Accelerating Transformer Inference for Translation via Parallel Decoding

Published May 17, 2023 in cs.CL , cs.AI , and cs.LG


Autoregressive decoding limits the efficiency of transformers for Machine Translation (MT). The community proposed specific network architectures and learning-based methods to solve this issue, which are expensive and require changes to the MT model, trading inference speed at the cost of the translation quality. In this paper, we propose to address the problem from the point of view of decoding algorithms, as a less explored but rather compelling direction. We propose to reframe the standard greedy autoregressive decoding of MT with a parallel formulation leveraging Jacobi and Gauss-Seidel fixed-point iteration methods for fast inference. This formulation allows to speed up existing models without training or modifications while retaining translation quality. We present three parallel decoding algorithms and test them on different languages and models showing how the parallelization introduces a speedup up to 38% w.r.t. the standard autoregressive decoding and nearly 2x when scaling the method on parallel resources. Finally, we introduce a decoding dependency graph visualizer (DDGviz) that let us see how the model has learned the conditional dependence between tokens and inspect the decoding procedure.


  • The paper addresses efficiency challenges in Transformer-based Machine Translation, specifically targeting the autoregressive inference process.

  • Three novel parallel decoding algorithms are introduced, demonstrating up to 38% speed improvements without sacrificing translation quality.

  • Empirical experiments show that speed gains nearly double on parallel computational resources, maintaining BLEU score metrics.

  • A new tool called Decoding Dependency Graph visualizer (DDGviz) is introduced, and scalability and resource impact are analyzed, acknowledging the methodology's reliance on parallel computing.


Transformers have significantly advanced the state of Machine Translation (MT), but their autoregressive nature during inference - where each token prediction depends on previously generated tokens - limits their computational efficiency, particularly in latency-sensitive environments. Previous approaches to mitigate this issue involve specific network architectures or learning-based methods, which tend to trade off translation quality for inference speed. This paper introduces a novel approach that circumvents the need for such trade-offs.

Parallel Decoding Strategies

The core contribution of this work is the reframing of standard greedy autoregressive decoding with parallel formulations, drawing on classic fixed-point iteration methods – Jacobi and Gauss-Seidel. The authors propose three parallel decoding algorithms termed Parallel Jacobi (PJ), Parallel Gauss-Seidel Jacobi (PGJ), and Hybrid Gauss-Seidel Jacobi (HGJ), which differ in how they handle blocking and sequence generation. Crucially, they offer speed improvements up to 38% compared to traditional autoregressive decoding without compromising quality.

Empirical Results

Through rigorous experimental validation across multiple languages and model sizes, these parallel decoding algorithms demonstrate promising speed gains.
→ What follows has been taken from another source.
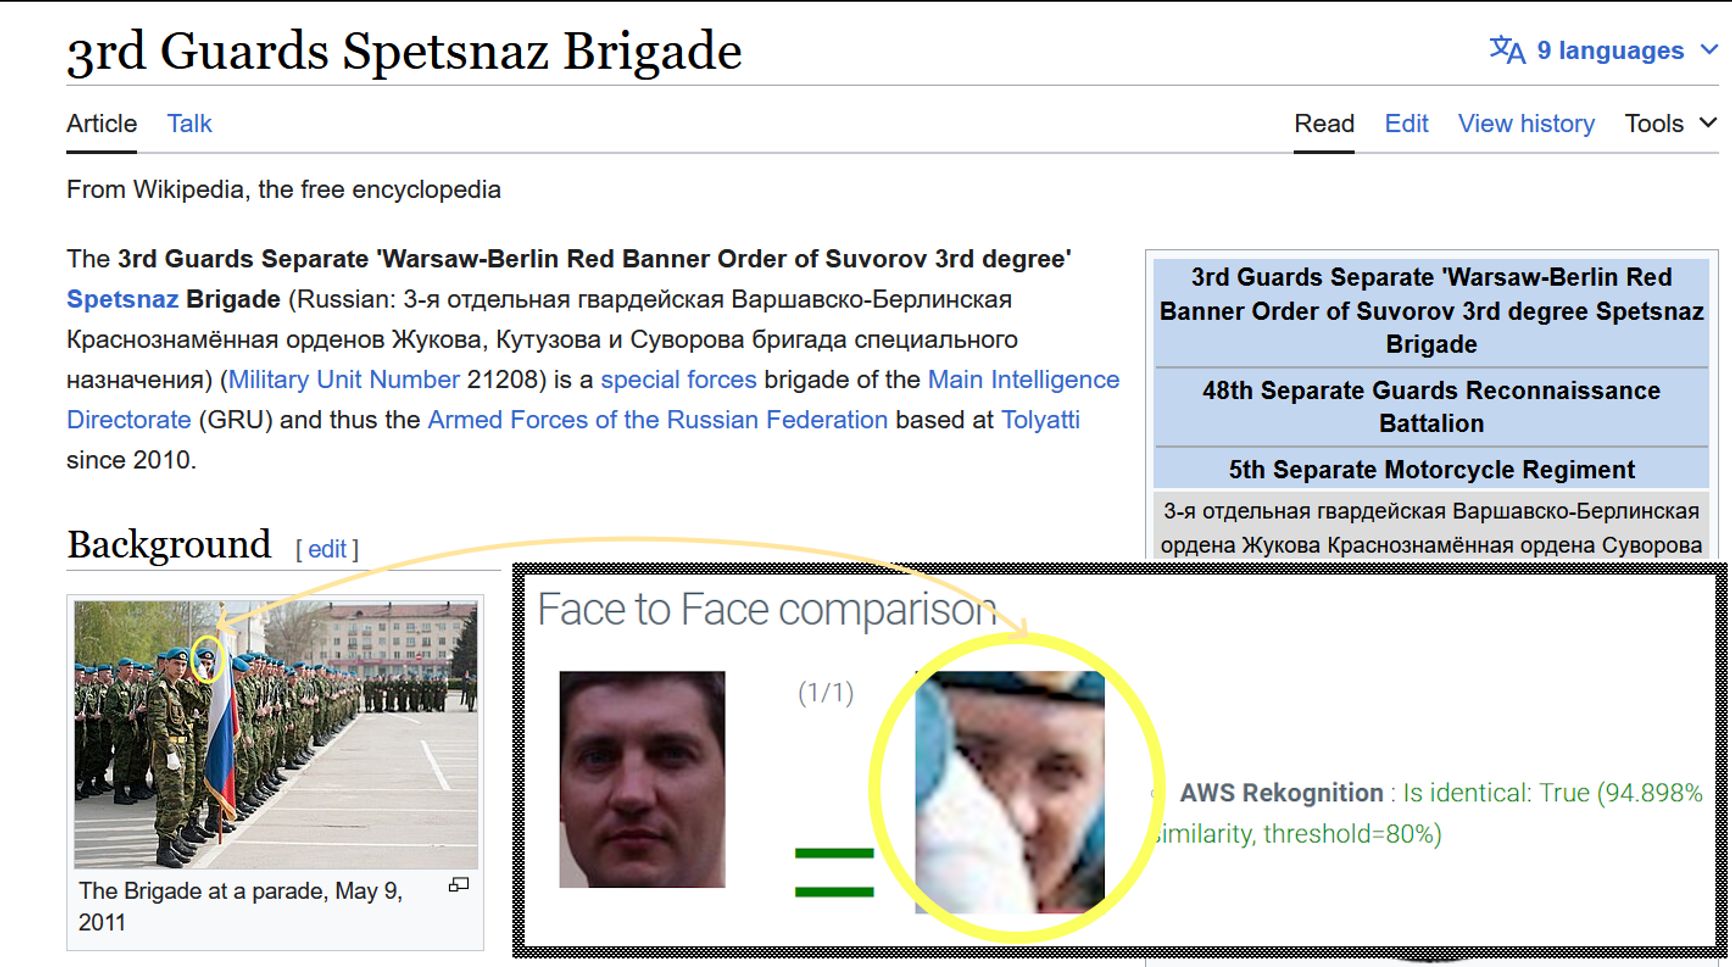 Facial comparison software confirms that “Smirnov” was in uniform at the 3rd Guards Spetsnaz Brigade’s “Victory Day” celebration in 2011.

Reported speed increases peg up to nearly 2x when methods are scaled on parallel computational resources, preserving translation quality according to BLEU score metrics. Notably, this is achieved without the heavy computational overhead incurred by retraining or engineering densely parameterized models, a feat yet unmatched by other methods in the same domain.

Method Analysis and Tools

The introduction of a Decoding Dependency Graph visualizer (DDGviz) is another significant stride, providing insights into the conditional dependencies of generated tokens during decoding. Additionally, the authors underpin their method's flexibility with further analyses illustrating scaling efficiency and the potential impact on computational resources. Interestingly, the paper discusses the trade-offs and limitations of their approach, acknowledging the need for parallel resources to realize the observed inference speedups.


This paper presents an efficient, model-agnostic method for accelerating transformer inference in machine translation. By leveraging iterative refinement methods from numerical analysis, the approach showcases wall-clock speed improvements while maintaining high translation fidelity, effectively providing a new practical avenue for deploying MT systems in resource-constrained settings.